[Opening SUPPLIED INFORMATION section]

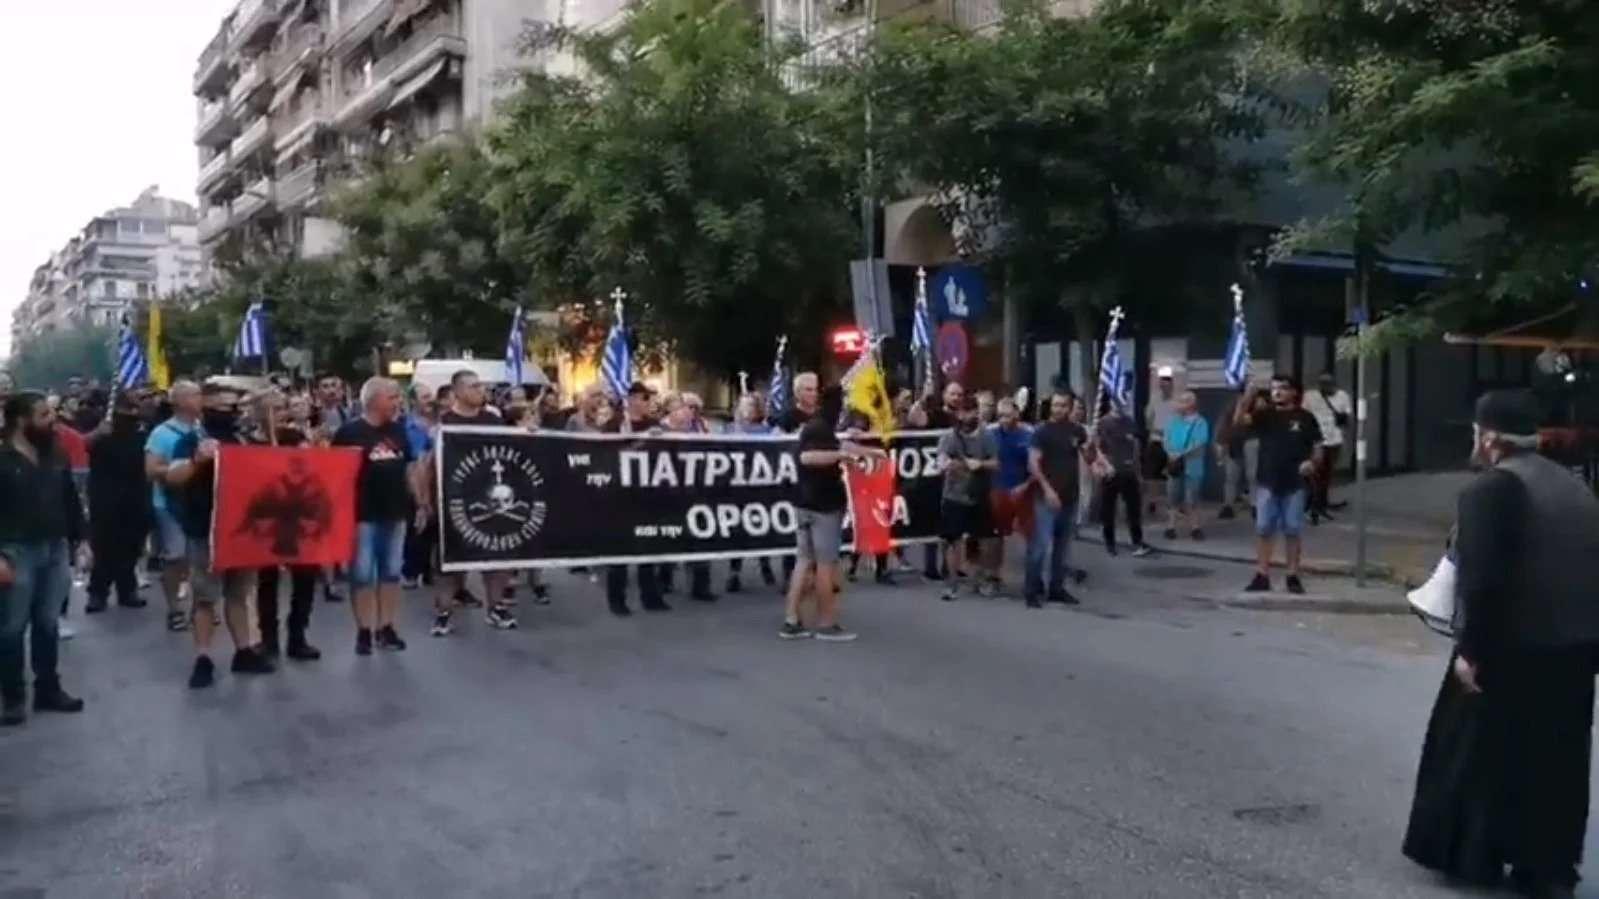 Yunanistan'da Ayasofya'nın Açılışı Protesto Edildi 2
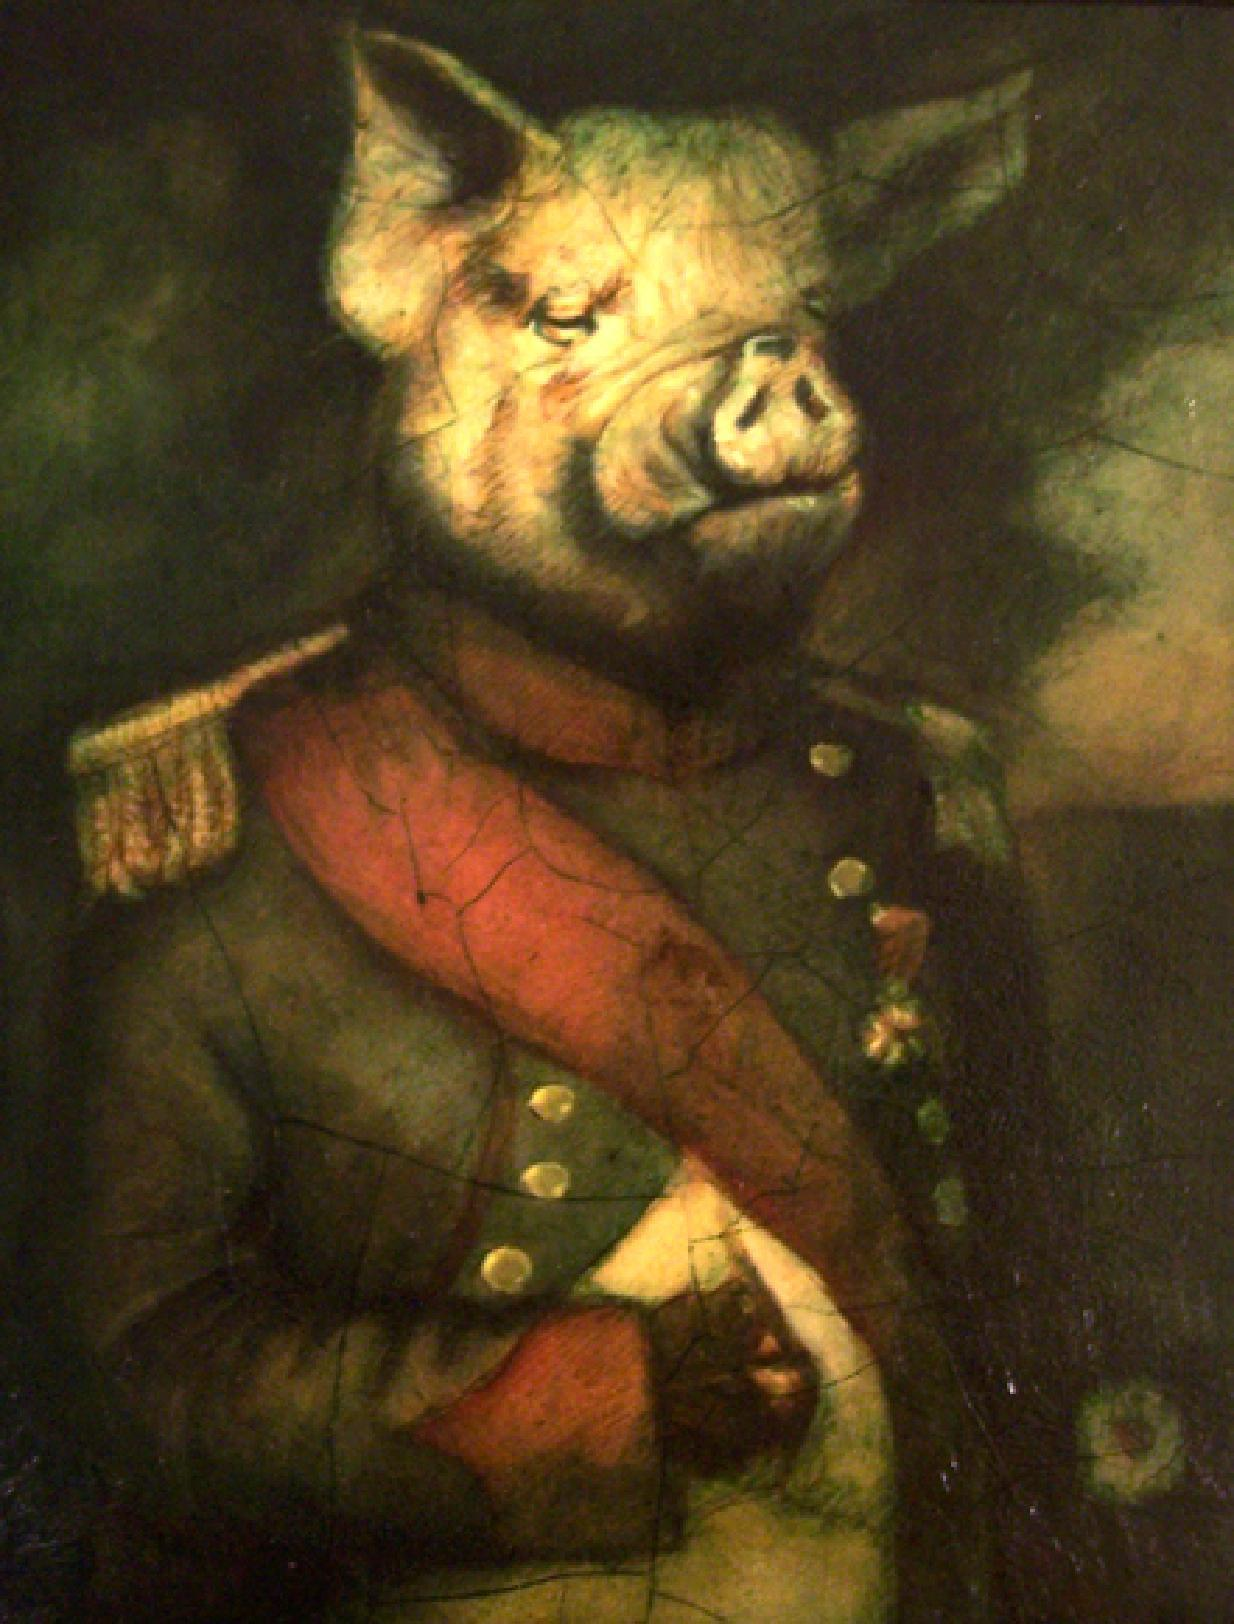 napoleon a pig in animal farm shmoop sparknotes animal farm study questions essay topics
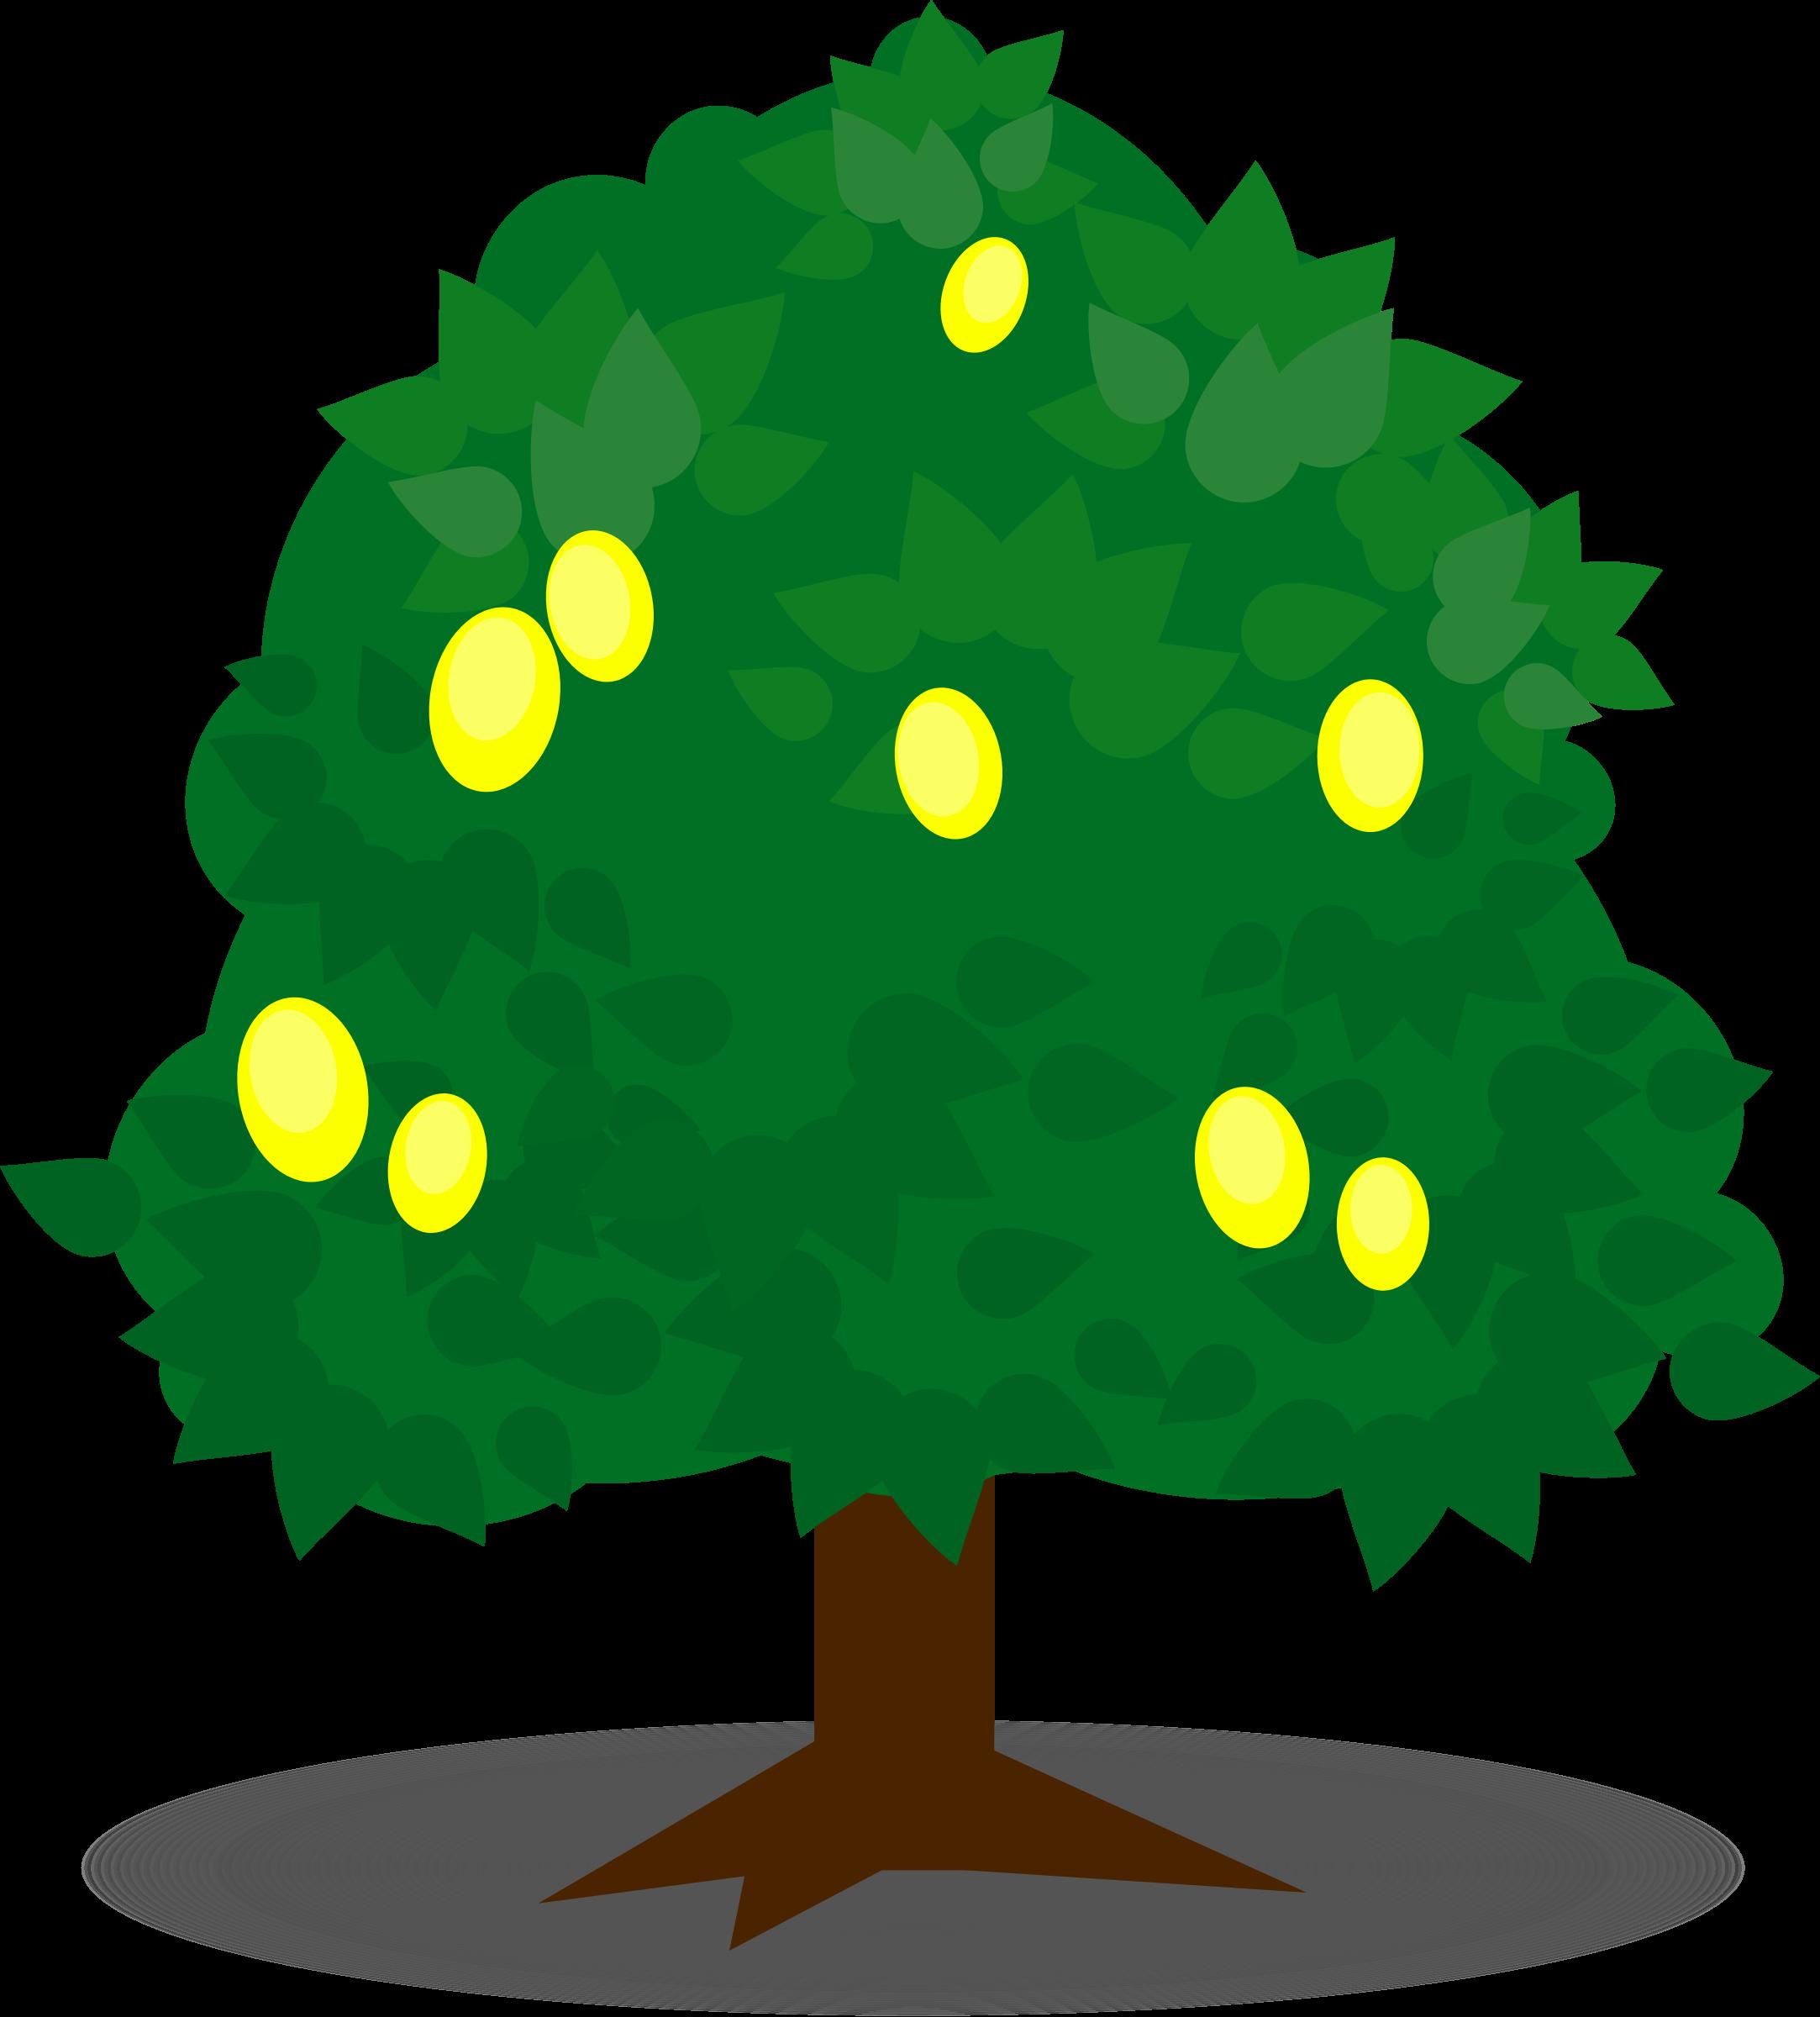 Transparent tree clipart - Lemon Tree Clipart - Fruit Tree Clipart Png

[Closing SUPPLIED INFORMATION section]

- [WHAT THIS TASK INVOLVES] Above is a listing with pictures. Write it out exactly without them.

- [OUTPUT BELOW]
 Yunanistan'da Ayasofya'nın Açılışı Protesto Edildi 2
 napoleon a pig in animal farm shmoop sparknotes animal farm study questions essay topics
 Transparent tree clipart - Lemon Tree Clipart - Fruit Tree Clipart Png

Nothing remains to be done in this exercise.